Как только до Михайловского дошла депеша, Пушкин немедля собрался и 4 сентября поутру выехал в Москву. Везли его вроде и не под конвоем, но и глаз не спускали: согласно указаниям царя, поэт должен был добраться до Москвы «в своем экипаже, свободно, под надзором фельдъегеря, не в виде арестанта». Пушкина доставили к царю незамедлительно в 4 часа пополудни 8 сентября 1826 г., прямо с дороги, он даже не завез багаж в гостиницу.
Разговор получился теплый. «Я, – говорил государь, – впервые увидел Пушкина после моей коронации, когда его привезли из заключения в Москву совсем больного и покрытого ранами – от известной болезни. Что сделали бы вы, если бы 14 декабря были в Петербурге? – спросил его между прочим. – Стал бы в ряды мятежников, – отвечал он. На вопрос мой, переменился ли его образ мыслей и даёт ли он мне слово думать и действовать иначе, если я пущу его на волю, он наговорил мне пропасть комплиментов насчёт 14 декабря, но очень долго колебался прямым ответом и только после длинного молчания протянул мне руку, с обещанием – сделаться другим», – рассказывал М.А. Корф.
Царю и поэту было о чем поговорить. Познакомиться они могли бы еще в 1811 г., ибо Царскосельский лицей и создавался с целью воспитания в нем братьев Александра I, дабы избавить их от тлетворного влияния матери, вдовствующей императрицы Марии Федоровны. Но не сложилось: Николая и Михаила растил граф Матвей Ламздорф, сторонник жестких педагогических методов и даже рукоприкладства. А Пушкина нянчила сказочница Арина Родионовна, тоже не последний человек.
Представ пред светлыми государевыми очами, Александр Сергеевич вышел от монарха «умнейшим человеком в России». Николай I словно специально сказал это вечером на балу Д.Н. Блудову после встречи с Пушкиным 8 сентября 1826 г. Слова эти тотчас разошлись по Москве.

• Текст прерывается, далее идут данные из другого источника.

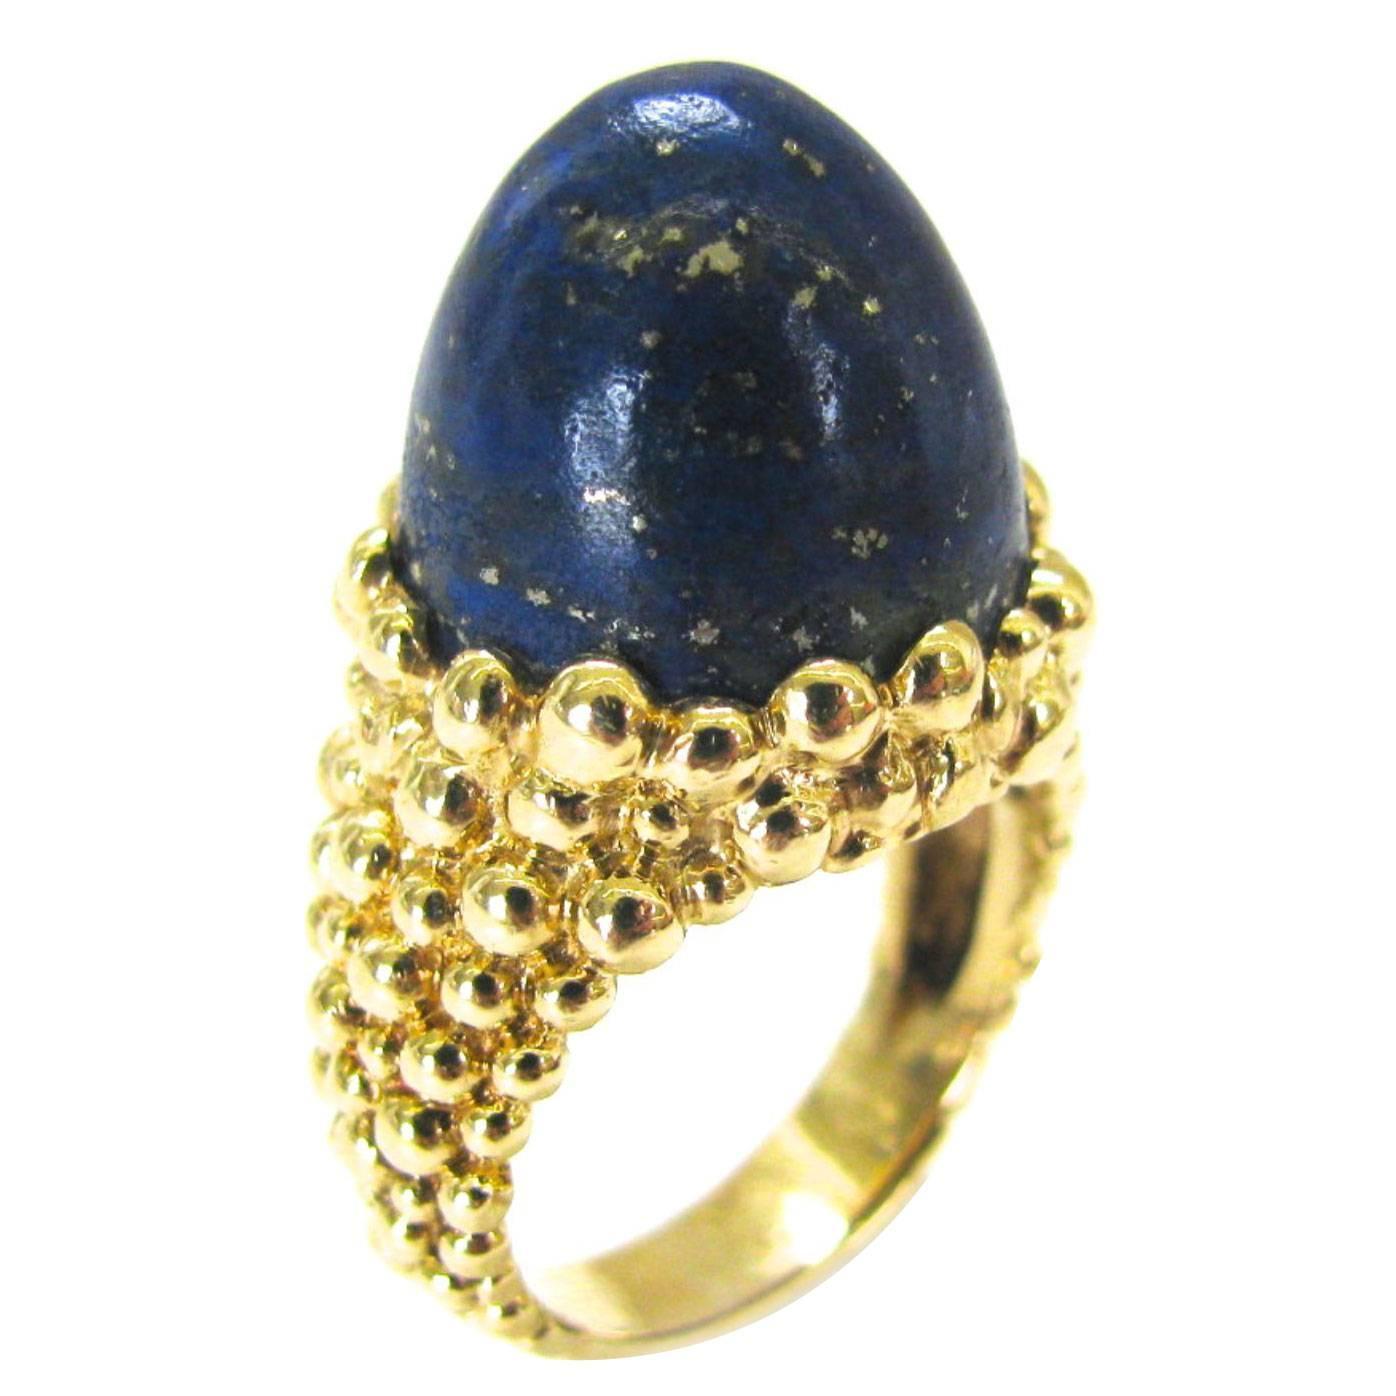 Kutchinsky, ring, circa 1970. Foto Kimberly Klosterman, goud, lapis lazuli

Пушкин дал большую пищу не только москвичам, но и исследователям своего творчества и этим письмом, и своим разговором с царем. И всегда его пытались оправдать, подверстать под господствовавшую идеологию. Каждый трактовал Пушкина так, как было нужно. В частности, Ю. Лотман утверждал, что Пушкин «желал направить молодого государя на путь реформ». Но вряд ли поэт мог иметь такое огромное влияние на царя, чтобы куда-то его направлять. Николай I и стихи его не читал до этого разговора, а вот декабристы читали Пушкина. «В бумагах каждого из действовавших находятся стихи твои. Это худой способ подружиться с правительством», – писал Жуковский Пушкину 12 апреля 1826 г. из Петербурга.
Думается, итоги беседы устроили обоих. Николай был рад тому, что проект «Пушкин» удался. Он и вызвал-то его к себе не только как поэта, а как яркого выразителя общественного мнения, которое Николаю было совсем не безразлично после казни декабристов. Простив Пушкина, он будто приручил его, сделав «своим» поэтом (словцо Николая), с чем Александр Сергеевич согласился.
А Пушкин – он «подружился с правительством», получил разрешение проживать в Москве и освобождение от общей цензуры. А что еще надо изголодавшемуся в провинции поэту? В Михайловском даже сыру приличного не было, что однажды заставило Александра Сергеевича просить своего брата Льва прислать этот редкий продукт (жаль, что после отъезда Пушкина Арина Родионовна его выбросила – плохо пахло!).
Отныне его цензором стал сам Николай I, что ставило поэта в особое привилегированное положение – жаловаться на цензуру государя оставалось только Господу Богу. Естественно, что такой ход событий заведомо определял Пушкина в число сторонников царя, а как же иначе – получить такое доверие монарха не могло означать ничего иного.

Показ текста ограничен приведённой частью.